- _RECORDED DATA_
· · · ·
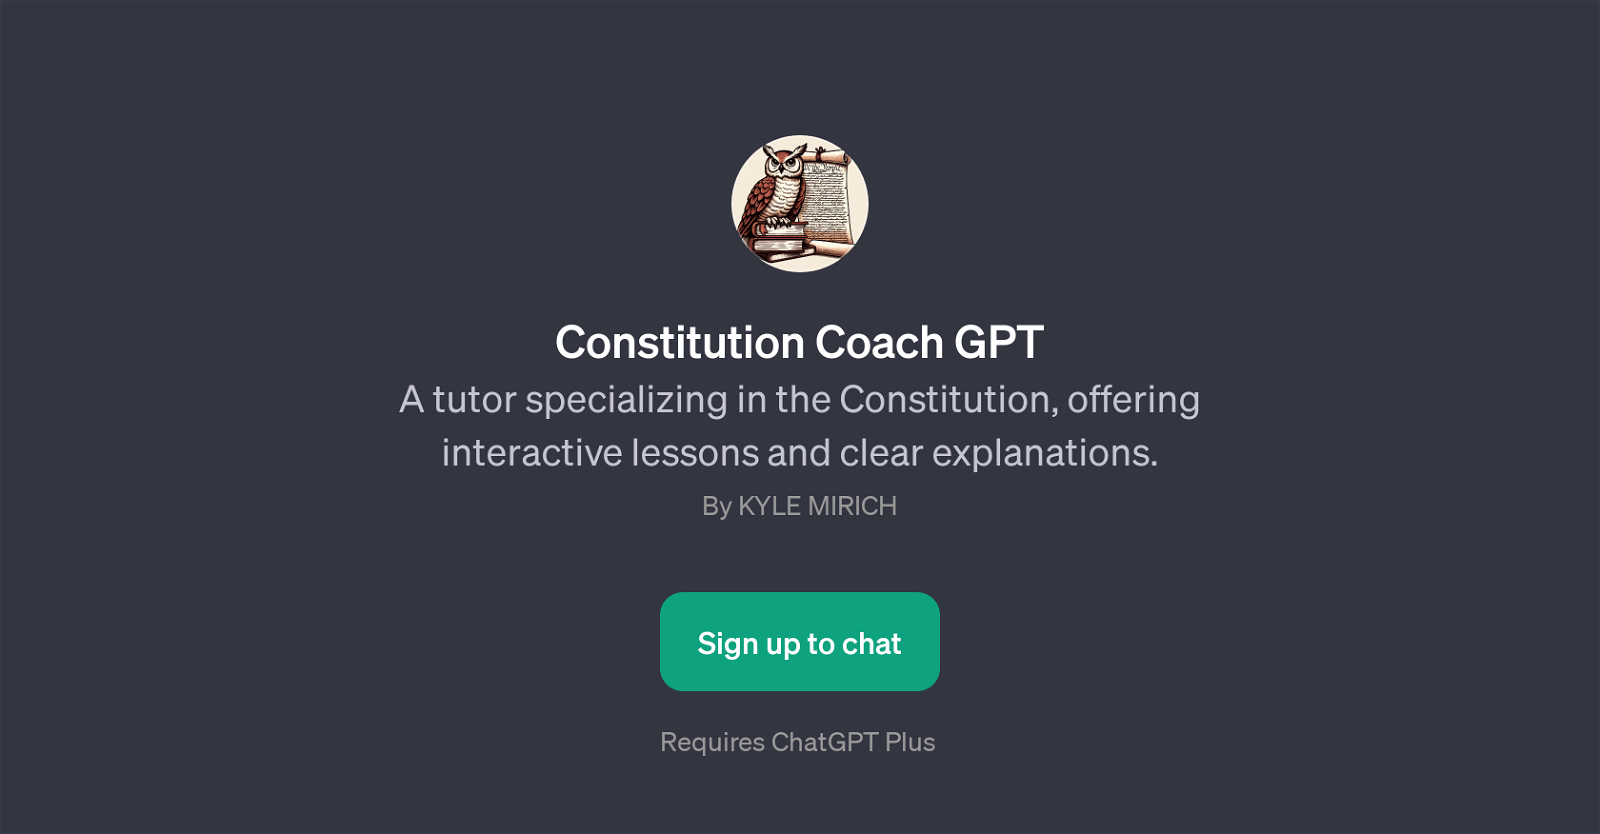 Constitution Coach GPT website
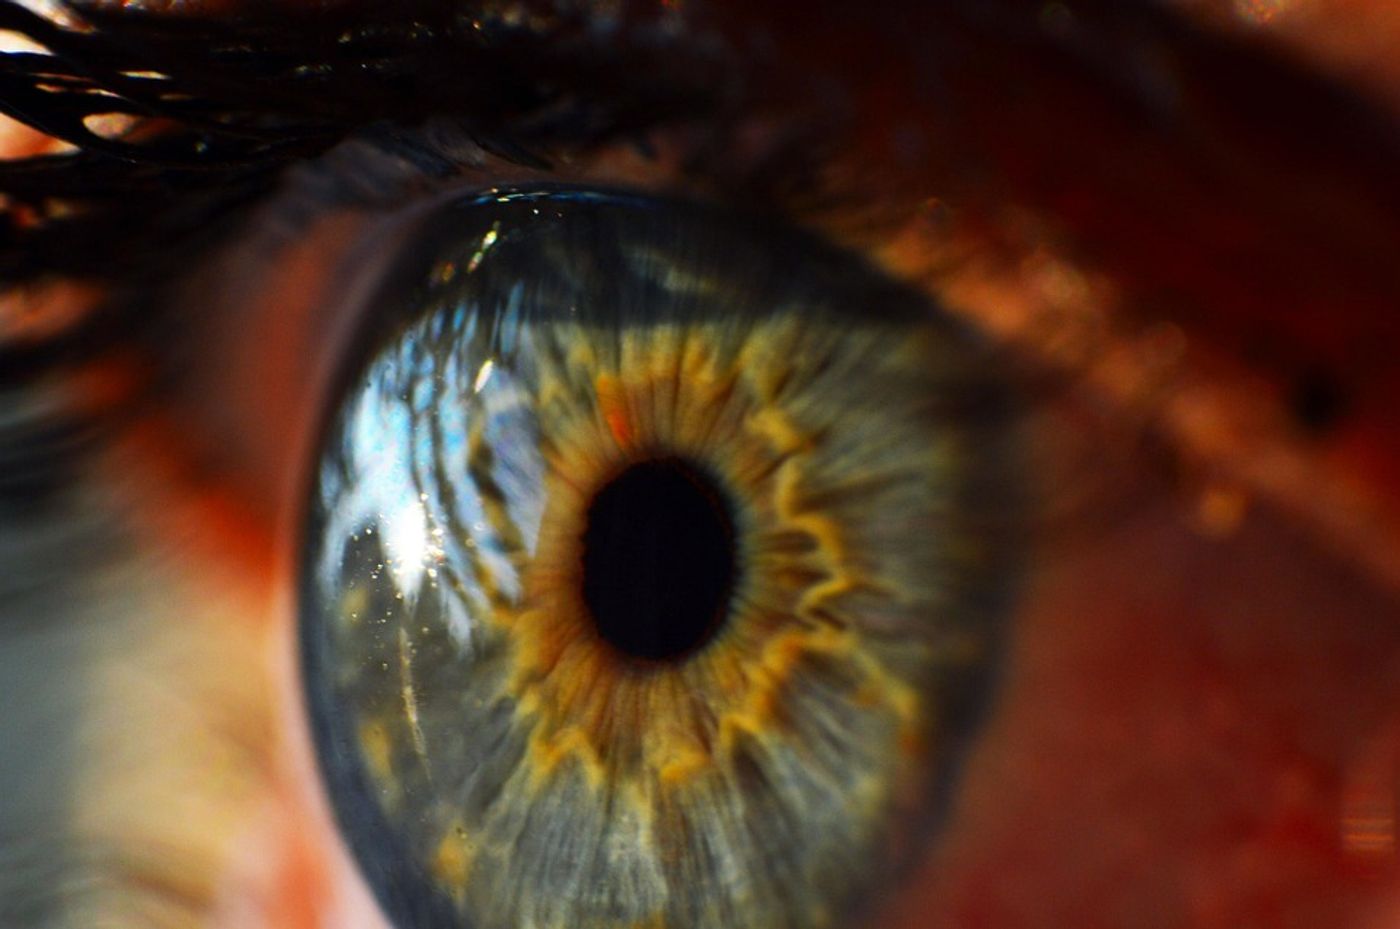 Retina exam may detect Parkinson's before symptoms appear | Image: pixabay.com
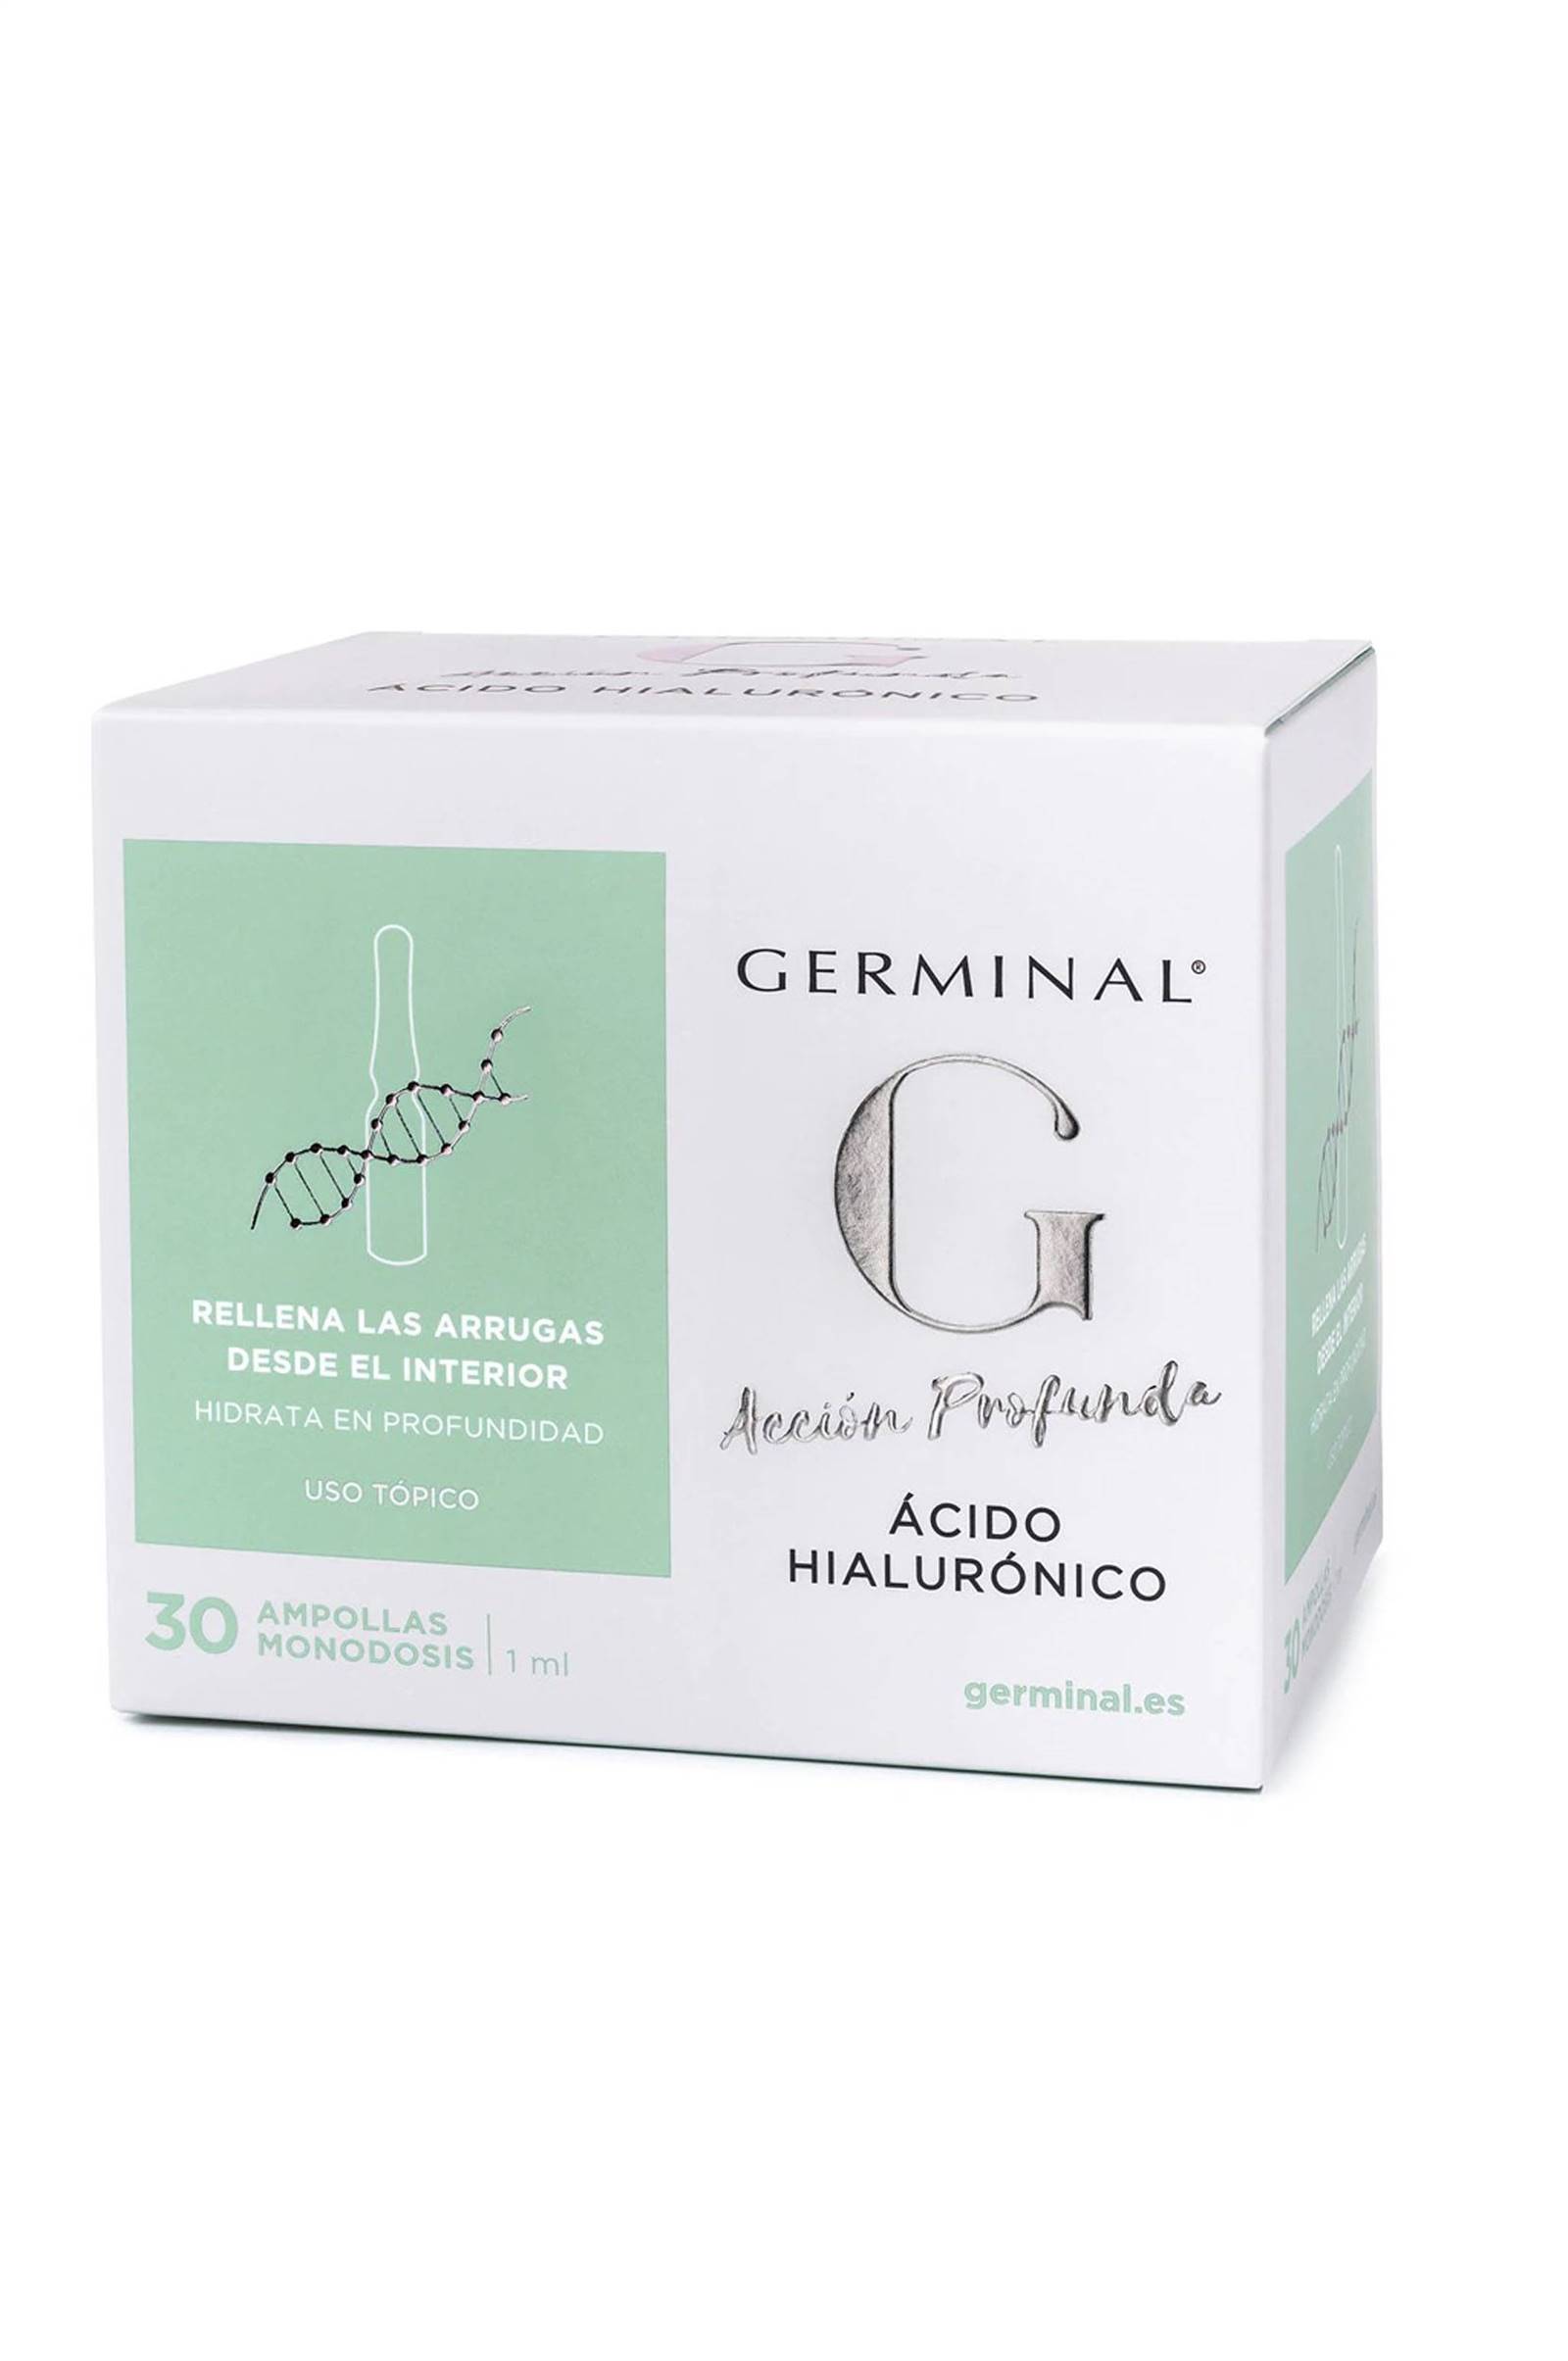 sérum ácido hialurónico germinal
· · · ·
- _TASK INSTRUCTIONS_
Print the material word for word without images.

- _RESULT FOR THIS TASK_
 Constitution Coach GPT website
 Retina exam may detect Parkinson's before symptoms appear | Image: pixabay.com
 sérum ácido hialurónico germinal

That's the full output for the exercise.